По отбытии срока каторги и после восстановления его во всех правах Потанин посвятил себя научным исследованиям и стал одним из известнейших русских этнографов и фольклористов, но сохранил верность идеалу своей юности и остался до конца дней своих страстным сибирским патриотом и горячим сторонником сибирской автономии (сибирского областничества). Его влияние на сибирское прогрессивное общество было огромно, а для радикально настроенной сибирской молодежи он слыл живым символом духовной независимости, чистейшего идеализма и жертвенной любви к Сибири.
В 80-х годах прошлого века перед Сибирью встал ряд весьма сложных экономических и социальных проблем. Дело в том, что российское крестьянство все больше страдало от безземелья. Миллионы пролетаризованных крестьян, наслышавшиеся о сибирских просторах, мечтали о переселении в Сибирь, чтобы там снова осесть на землю. Началась эта тяга на новые земли вскоре после крестьянской реформы, но правительство запрещало массовые переселения в Азиатскую Россию по политическим соображениям, в значительной степени под давлением помещиков, которым безземельные крестьяне были нужны как дешевая рабочая сила.
Но в начале 80-х годов крестьянское безземелье приняло такой угрожающий характер, что царское правительство вынуждено было открыть Сибирь для переселенцев, и в этот обширный, но малонаселенный край потянулись сотни, сотни тысяч крестьян из Украины и центральных русских губерний.
Это огромное переселенческое движение поставило на очередь целый ряд новых задач – экономических, социальных и культурных. Надо было отвести этой массе прибывавших крестьян подобающие участки земли, координируя интересы новоселов с интересами старожилов. Надо было организовать медицинскую санитарную помощь переселенцам. Нужно было перестроить всю сеть народных школ, необходимо было прокладывать новые дороги, как общего значения, так и местного, и т. д. Тогда сибирская общественность решила так или иначе принять участие в той огромной и тяжелой работе, которая совершалась на их глазах, тем более что правительственные учреждения не всегда с ней справлялись, как следует.
Переселенческим движением и сопряженными с ним экономическими и социальными вопросами заинтересовались сибирские отделы Русского географического общества. Выросшей в огромное общественное явление переселенческой проблеме стала уделять большое внимание русская прогрессивная повременная печать. Заодно она также заинтересовалась и общим положением Сибири.

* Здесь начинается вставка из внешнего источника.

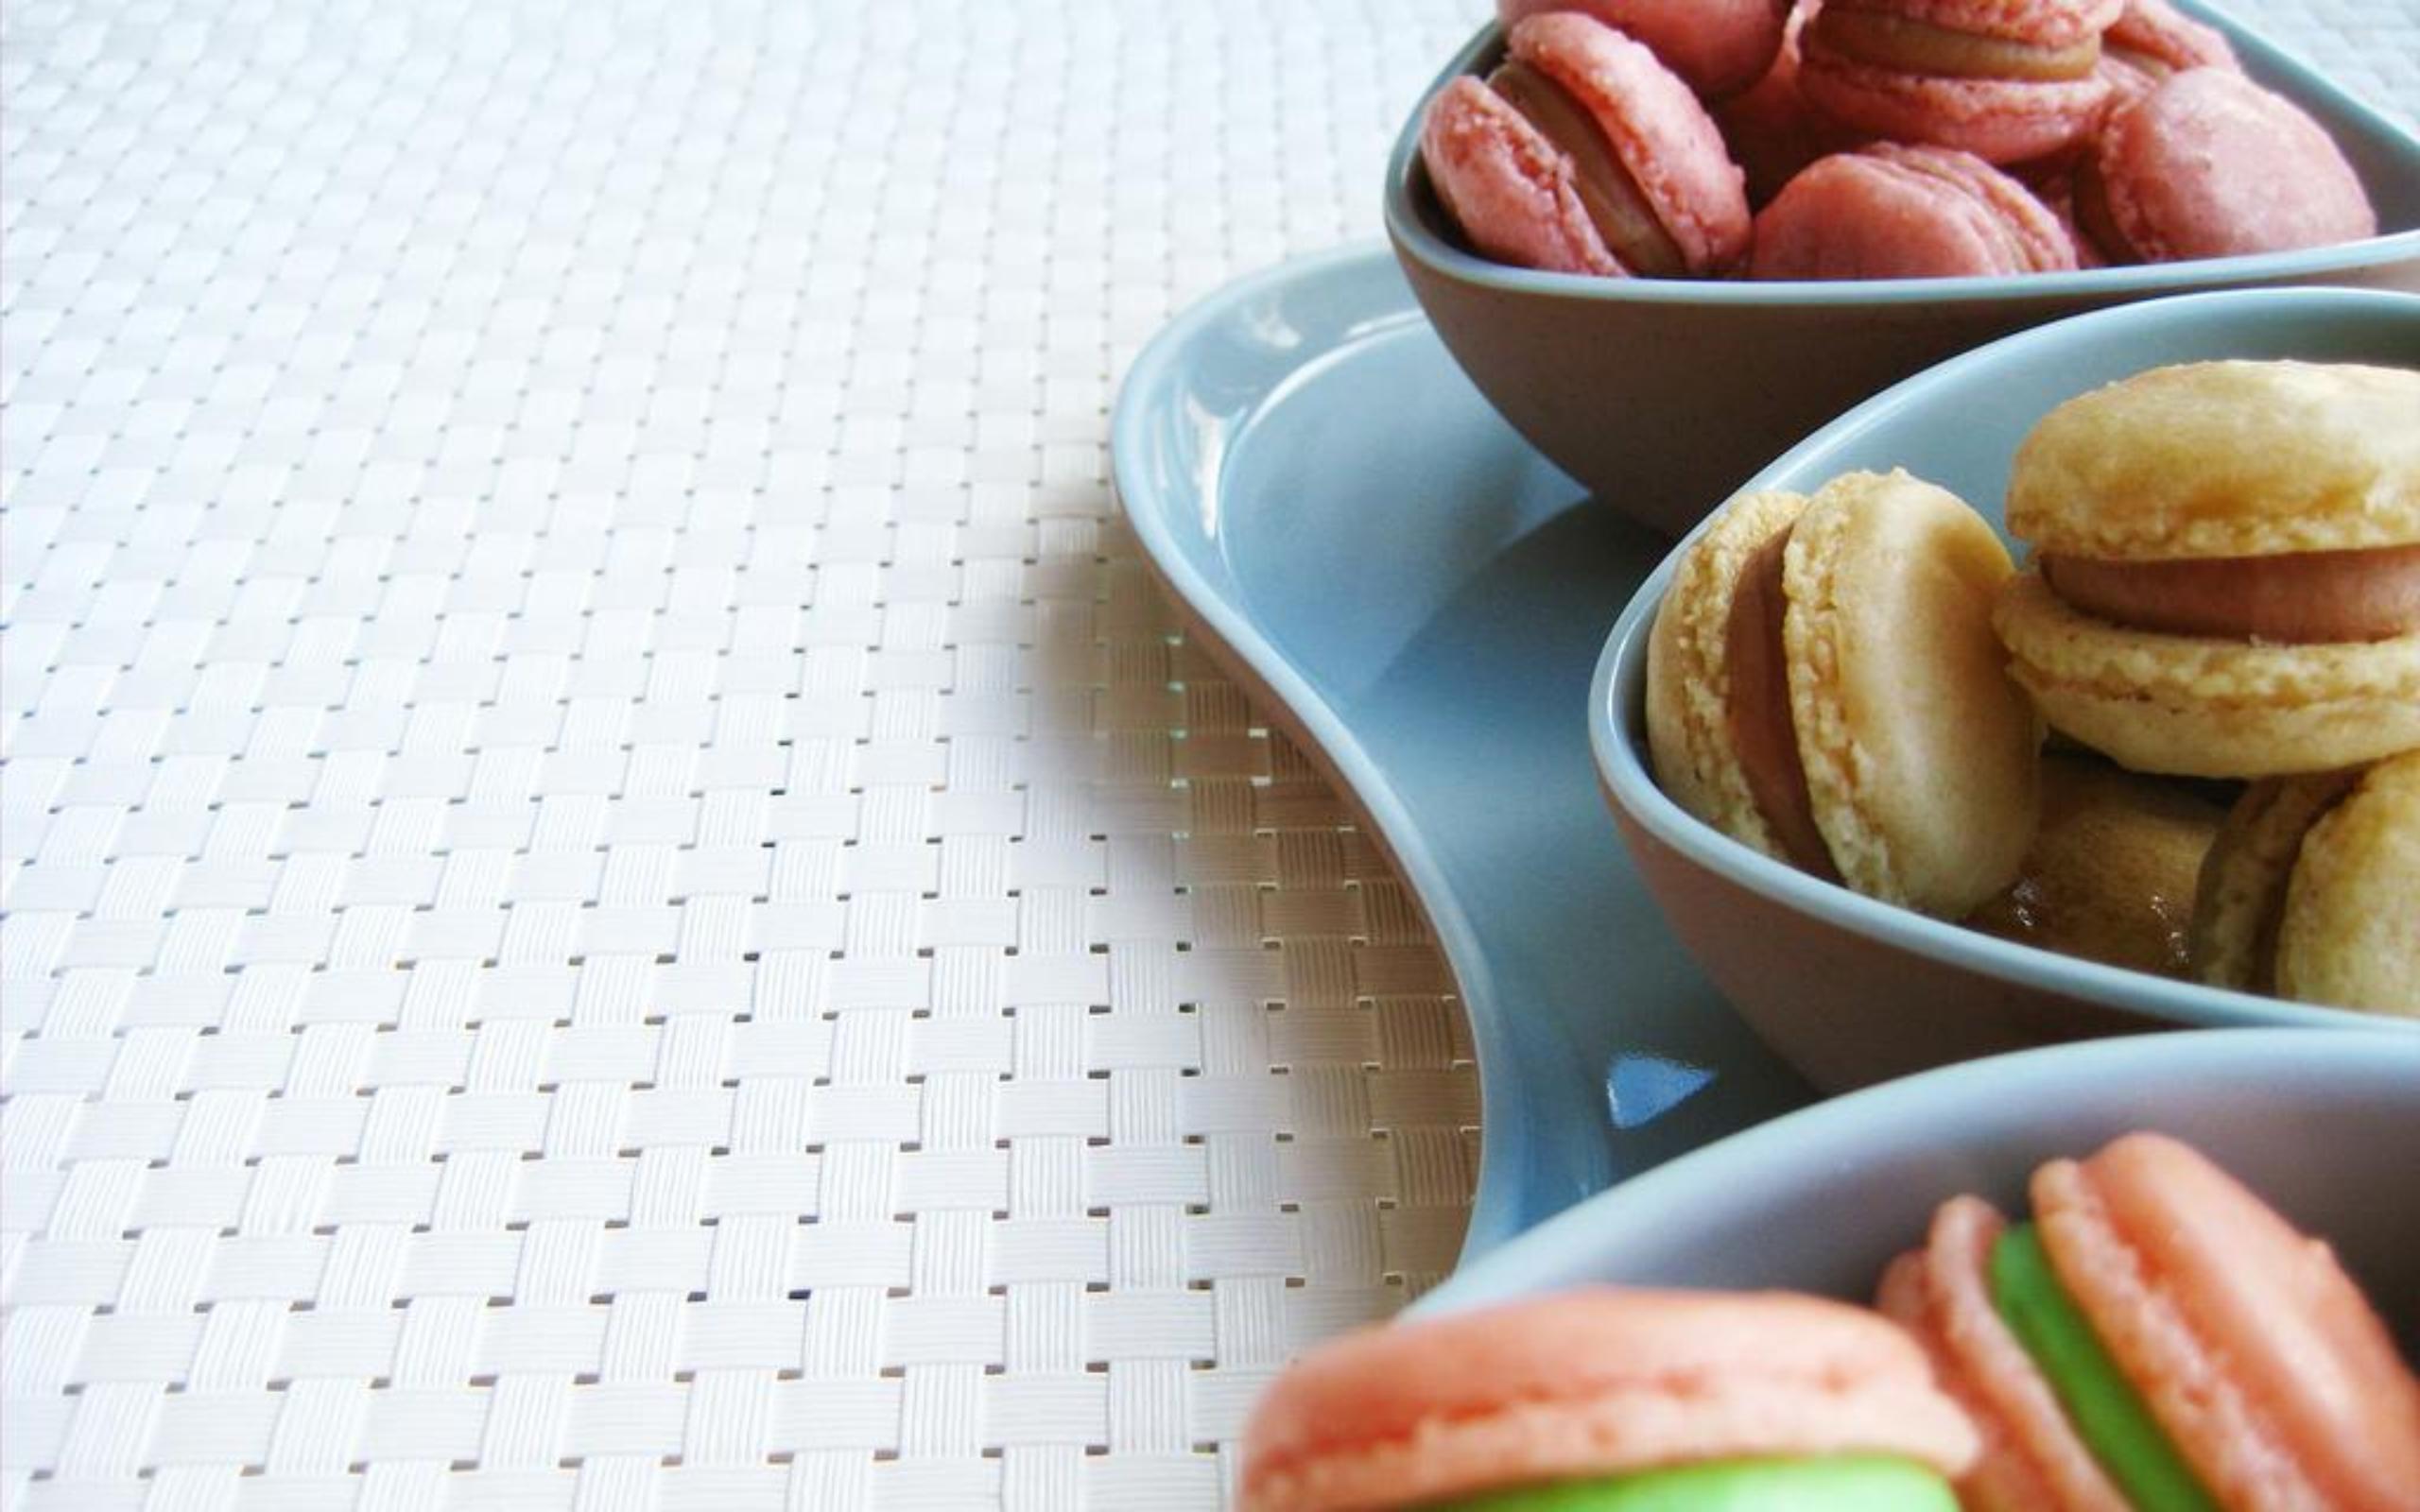 Alimento - Macaron  Sfondo

Само собою разумеется, что и сибирская передовая общественность употребляла все усилия, чтобы ее голос был услышан и чтобы правительство наконец вспомнило о чисто сибирских нуждах и стало проводить в жизнь те реформы, которых Сибирь ждала так долго и никак не могла дождаться.
При таких обстоятельствах талантливый публицист и большой сибирский патриот Ядринцев решил издавать еженедельный, журнал "Восточное обозрение", который, по его идеям, должен был быть знаменоносцем и борцом за раскрепощение Сибири и ее уравнение в правах с метрополией.
С большим трудом Ядринцеву удалось добиться разрешения на издание журнала, который, однако, подлежал предварительной цензуре. Тяжелое это было испытание для Ядринцева, но он боролся с цензурой героически и добился своей энергией и талантом того, что "Восточное обозрение", несмотря на все цензурные строгости, стал органом передовой сибирской мысли. К нему чутко прислушивалась вся культурная сибирская общественность и с ним серьезно считались литературные и общественные круги Москвы и Петербурга.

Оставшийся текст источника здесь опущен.